■ To do: The task calls for each line of the records below in which the word "your" appears.

■ Source material:
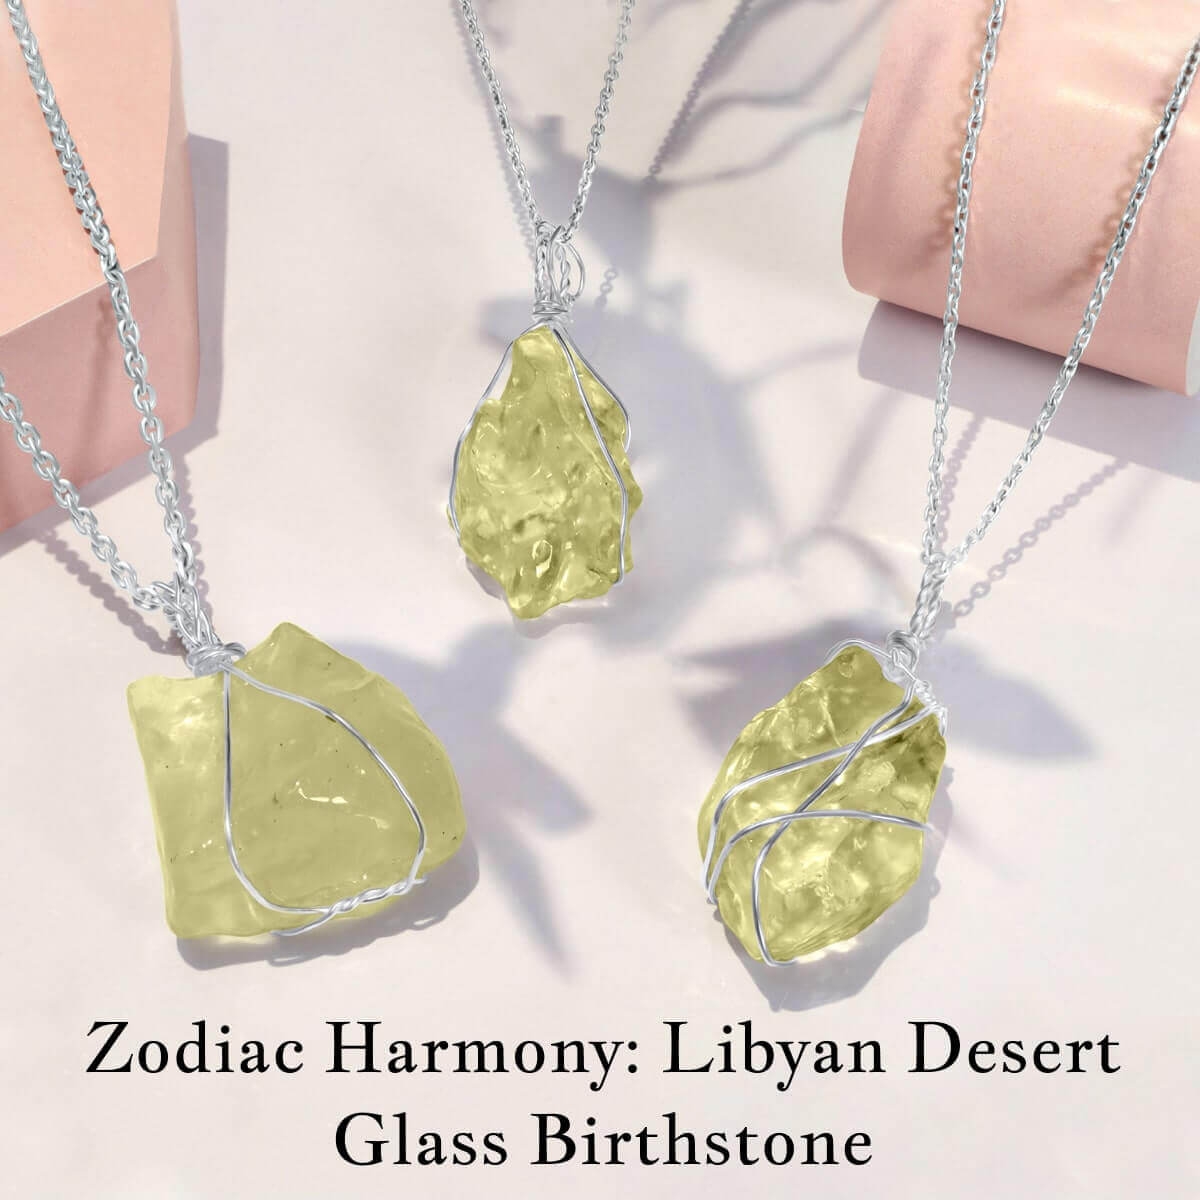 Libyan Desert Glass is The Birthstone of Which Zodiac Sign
--
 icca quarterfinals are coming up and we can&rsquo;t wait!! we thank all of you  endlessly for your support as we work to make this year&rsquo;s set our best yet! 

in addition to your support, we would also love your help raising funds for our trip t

■ Response:
 icca quarterfinals are coming up and we can&rsquo;t wait!! we thank all of you  endlessly for your support as we work to make this year&rsquo;s set our best yet! 
in addition to your support, we would also love your help raising funds for our trip t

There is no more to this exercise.